Instructions to follow —
Reproduce the data that follows character for character, but omit its pictures.

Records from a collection
○ ○ ○ ○ ○ ○ ○
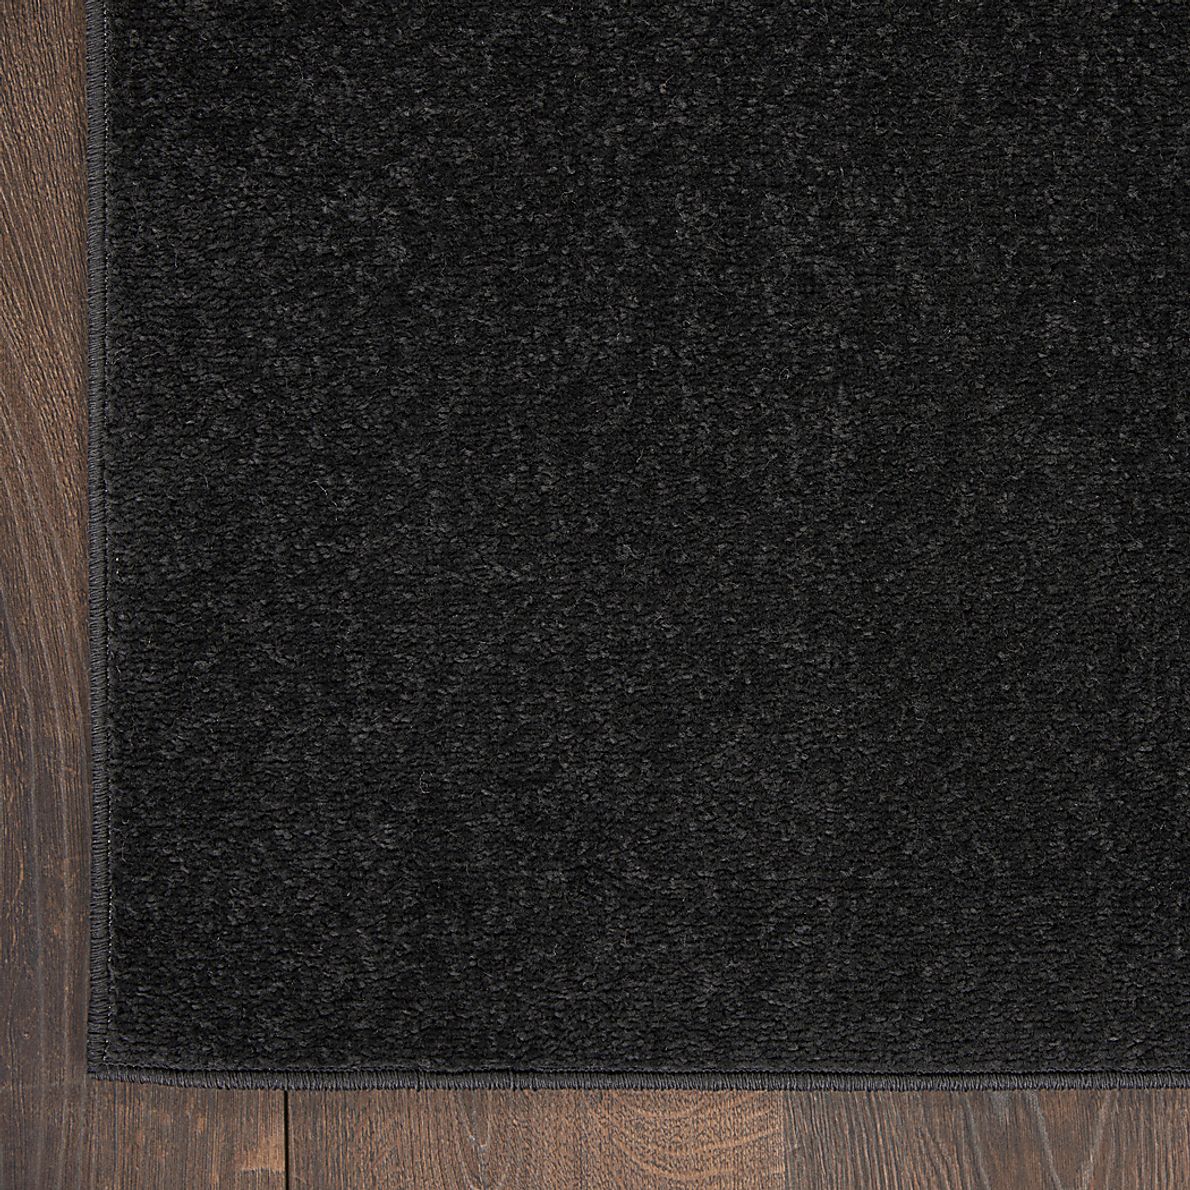 Easthagen Black 5' x 7' Indoor/Outdoor Rug
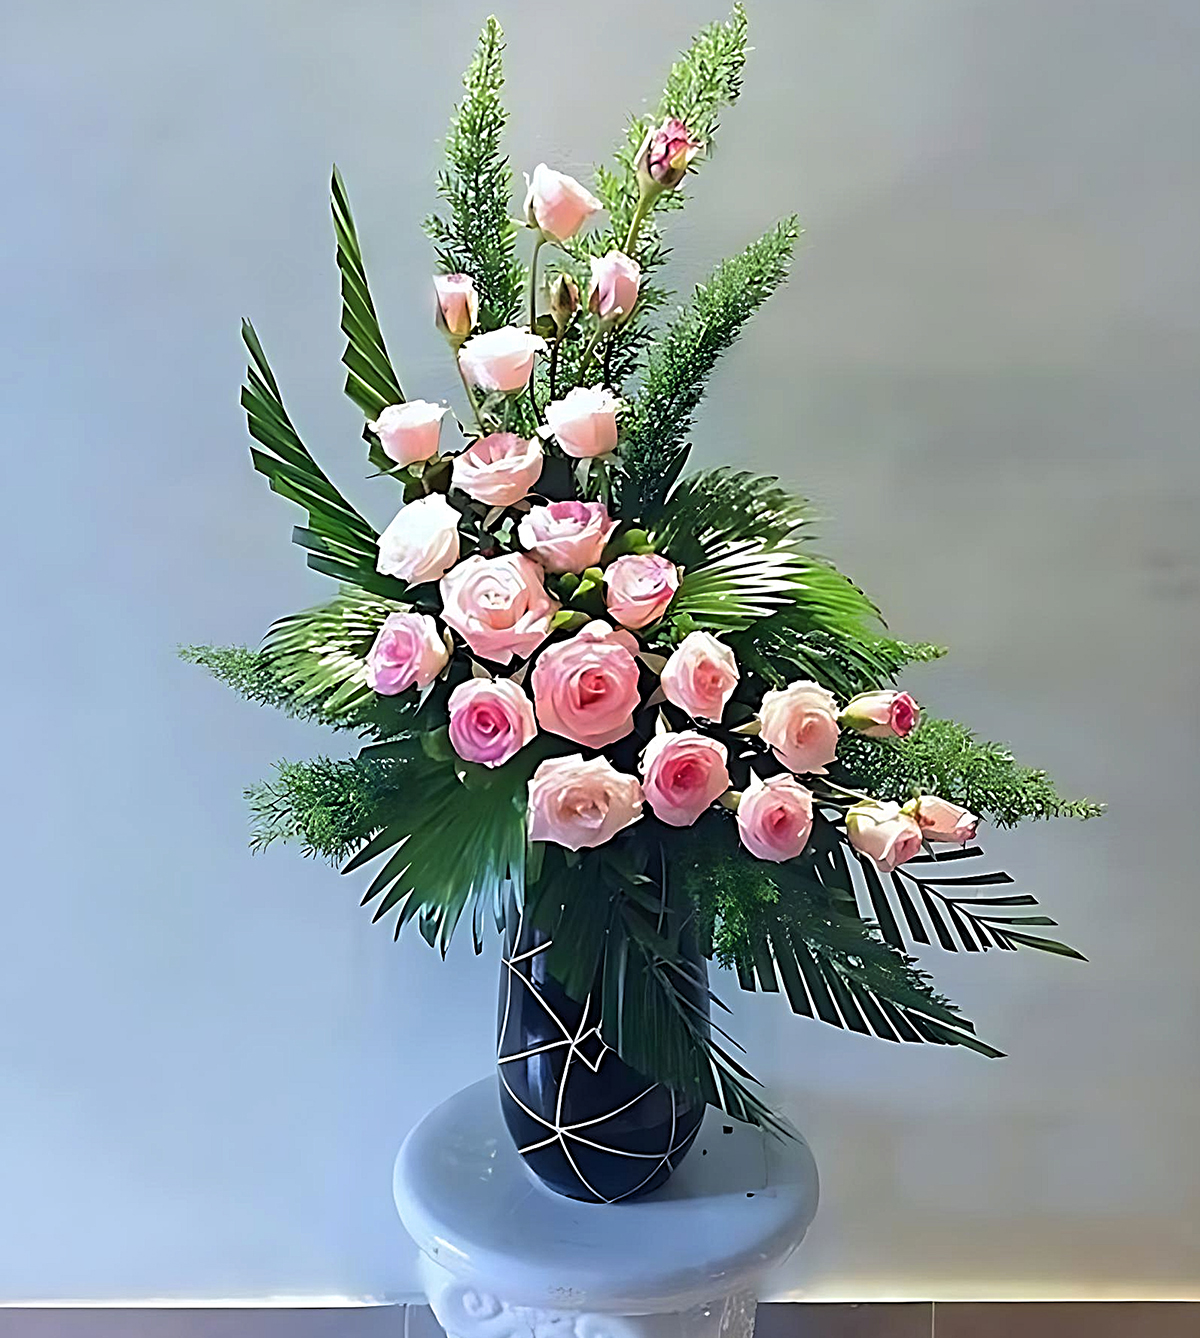 cách cam bat hoa trang trí bàn đám cưới| hoa đẹp| Ngọc Khuyên flower -  YouTube
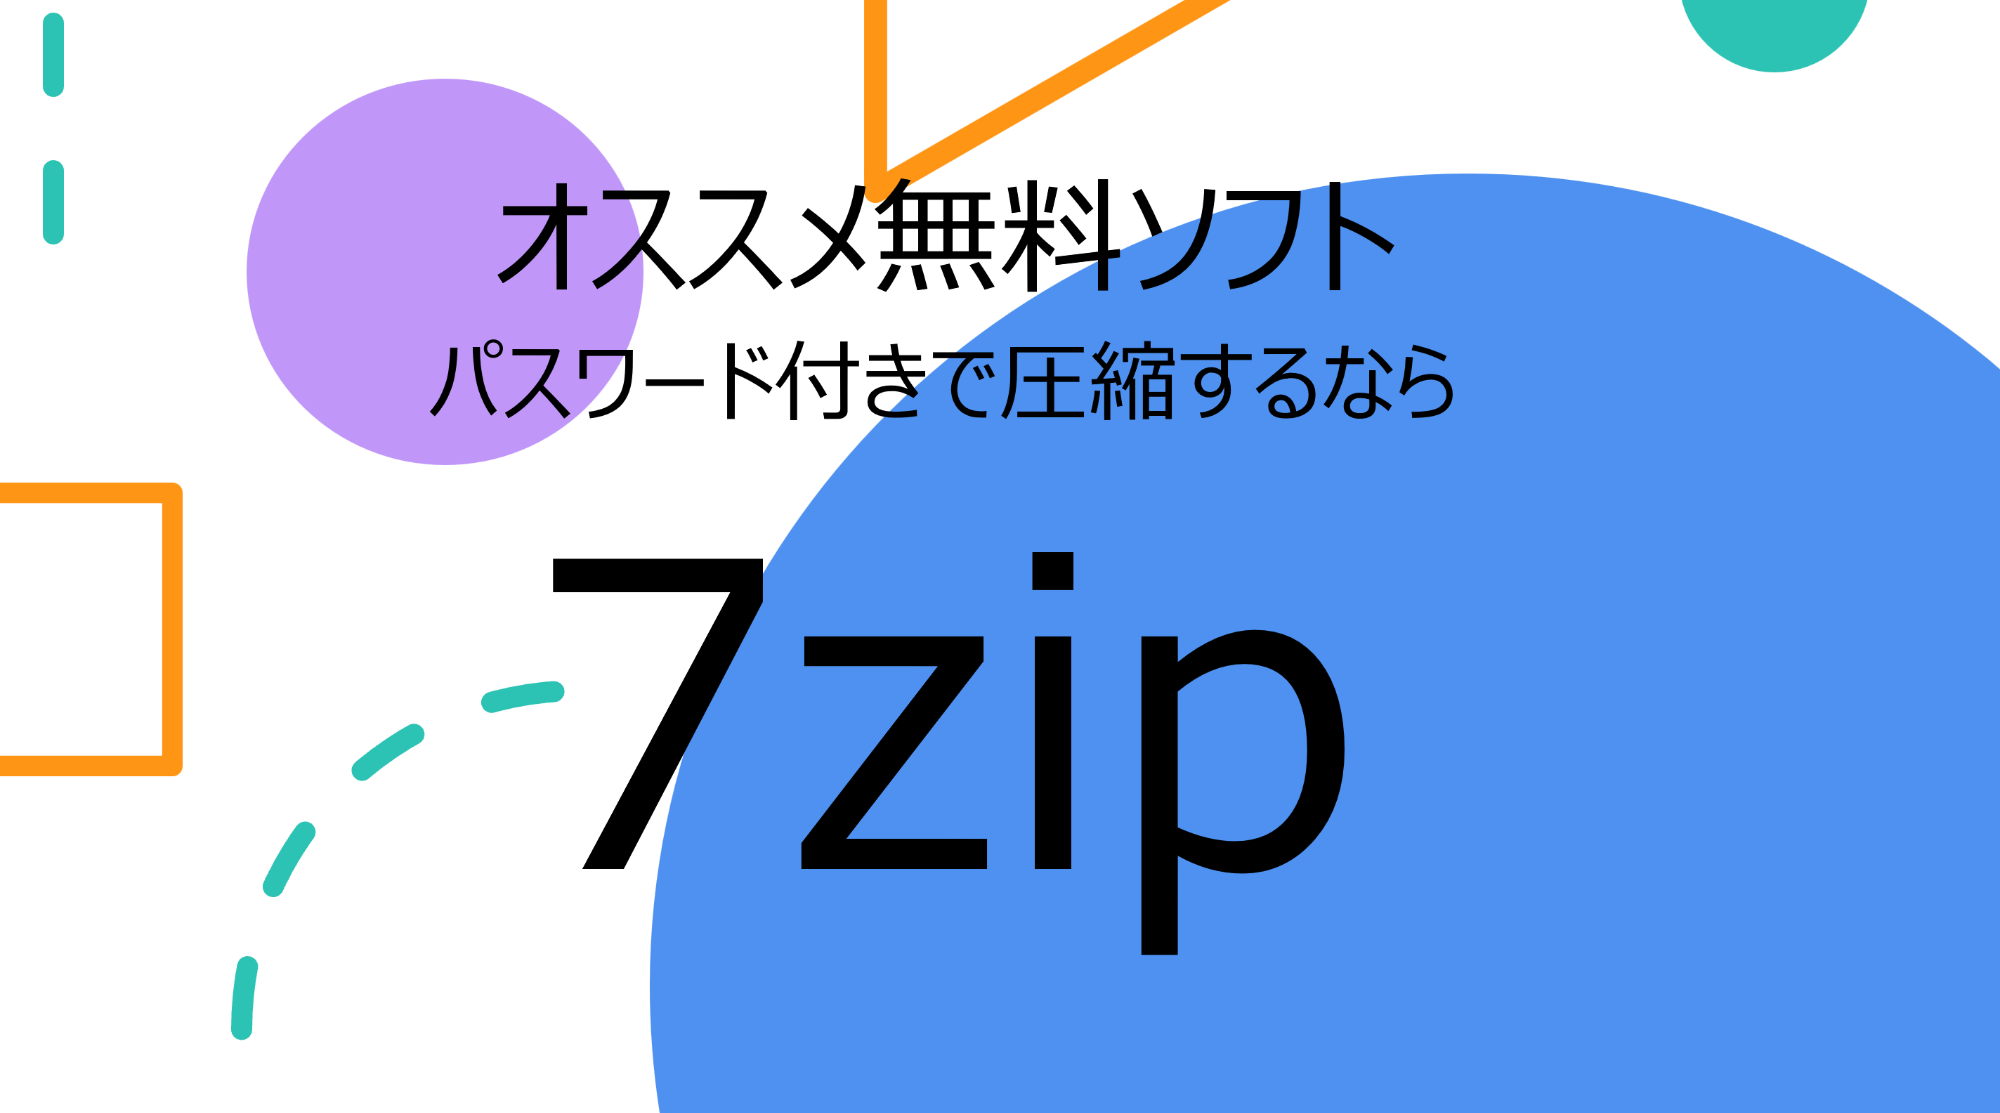 無料ソフト「7zip」パスワード付き圧縮ソフトのインストール方法と使用方法の説明
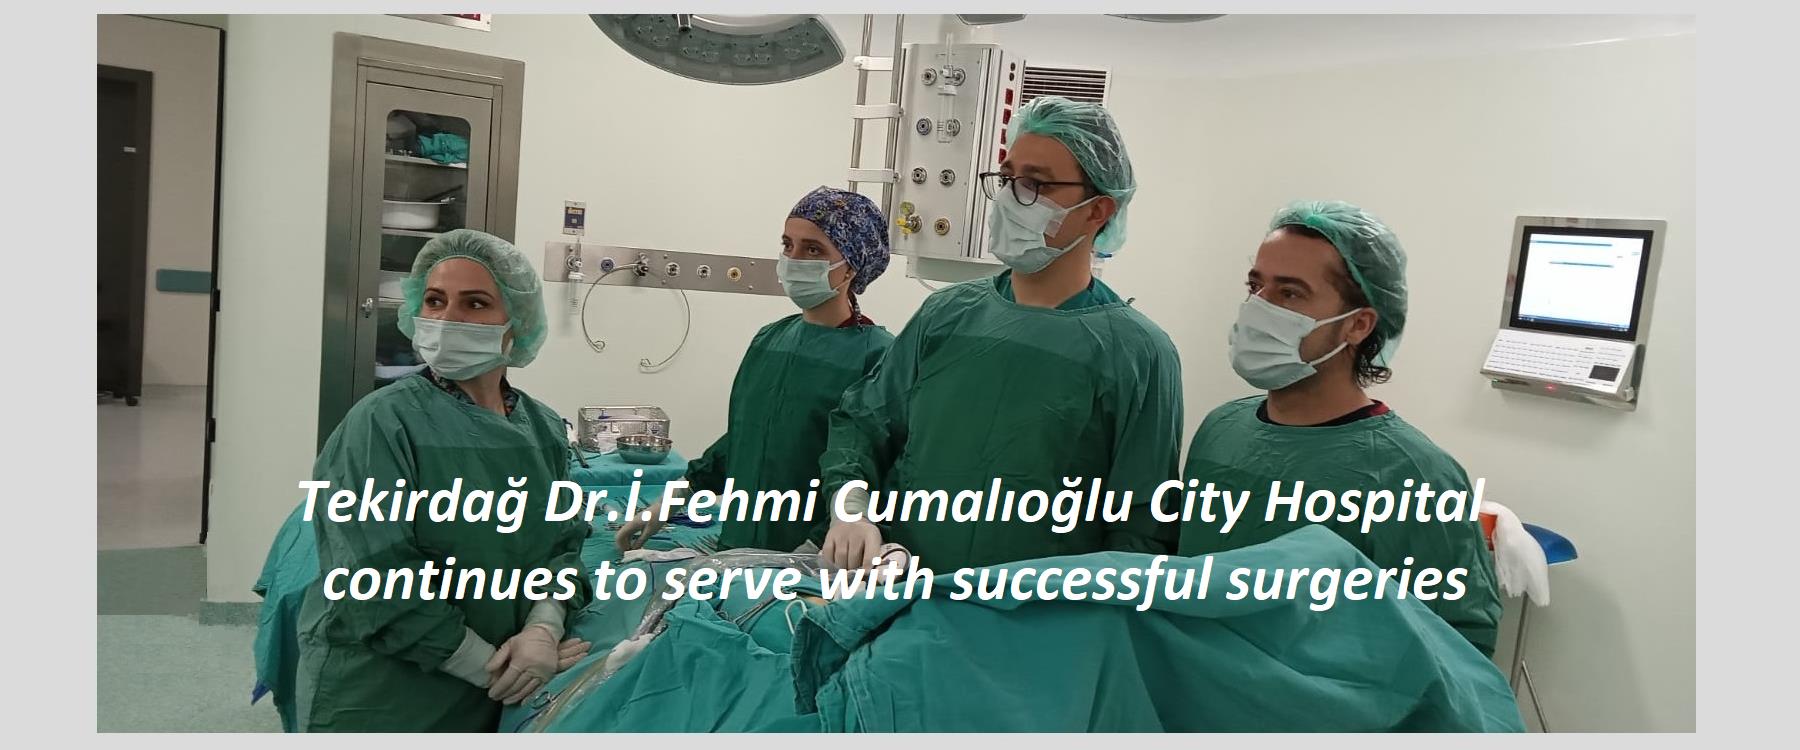 Tekirdağ Dr.İ.Fehmi Cumalıoğlu City Hospital continues to serve with successful surgeries.
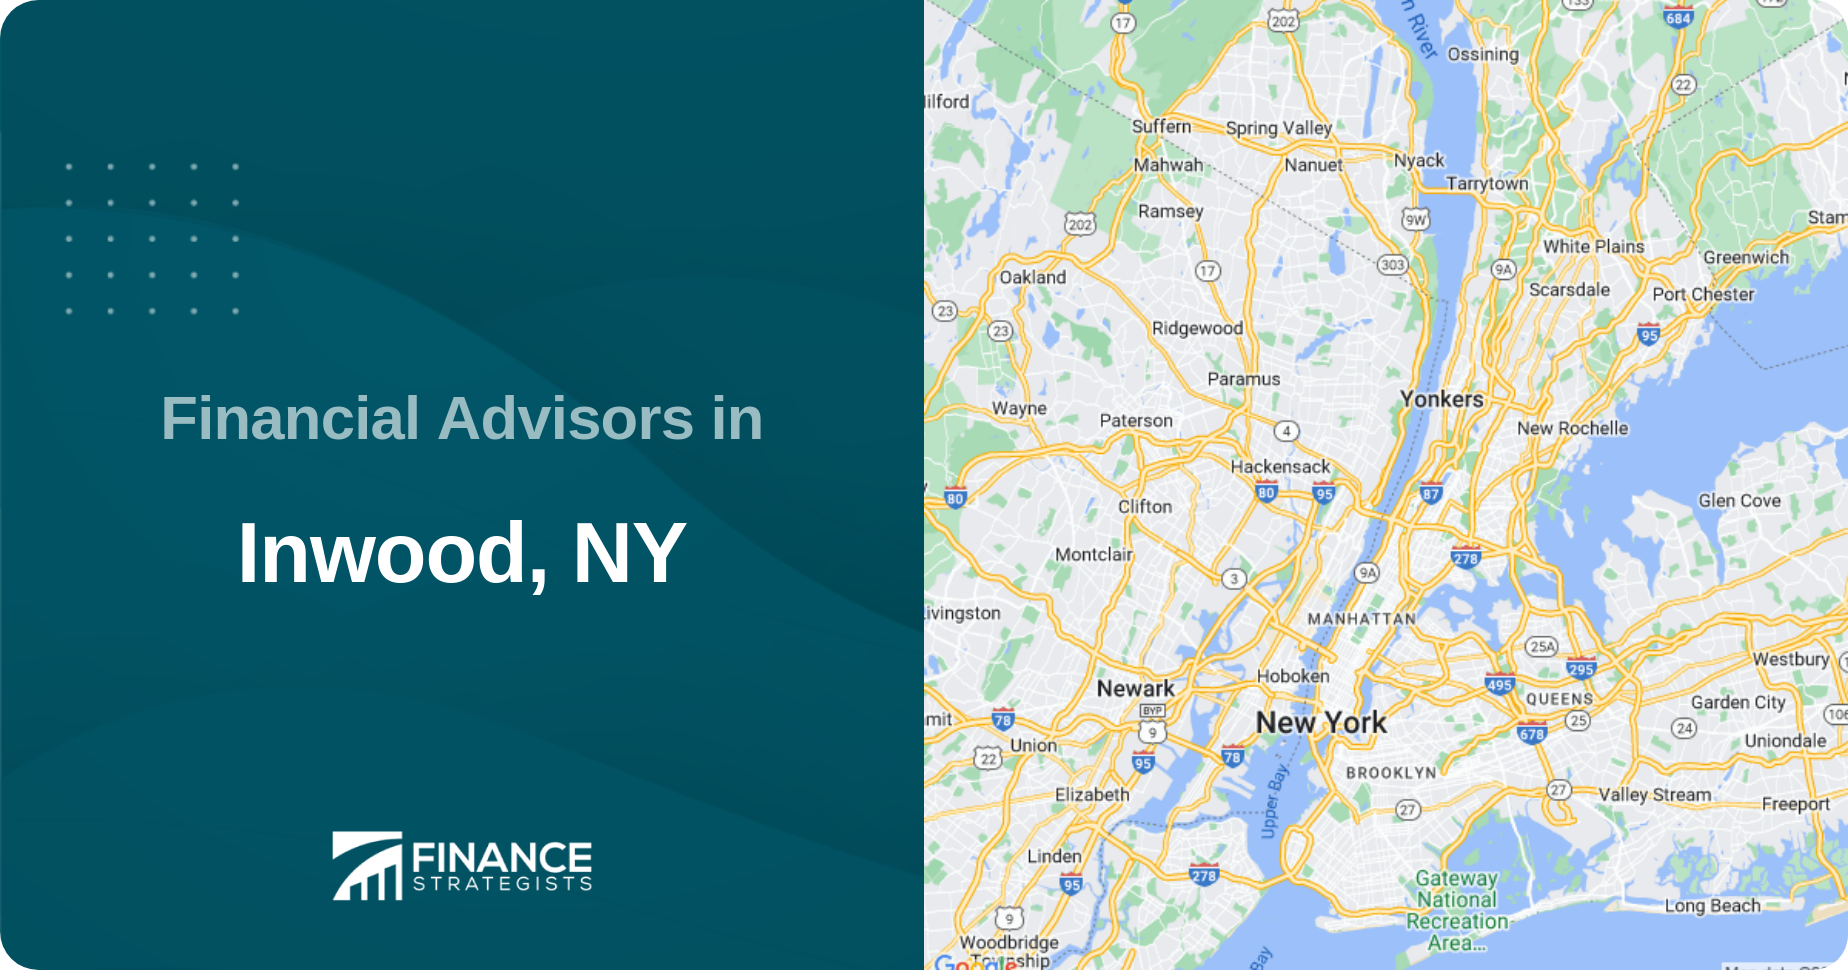 Financial Advisors in Inwood, NY
○ ○ ○ ○ ○ ○ ○
Task output —
 Easthagen Black 5' x 7' Indoor/Outdoor Rug
 cách cam bat hoa trang trí bàn đám cưới| hoa đẹp| Ngọc Khuyên flower -  YouTube
 無料ソフト「7zip」パスワード付き圧縮ソフトのインストール方法と使用方法の説明
 Tekirdağ Dr.İ.Fehmi Cumalıoğlu City Hospital continues to serve with successful surgeries.
 Financial Advisors in Inwood, NY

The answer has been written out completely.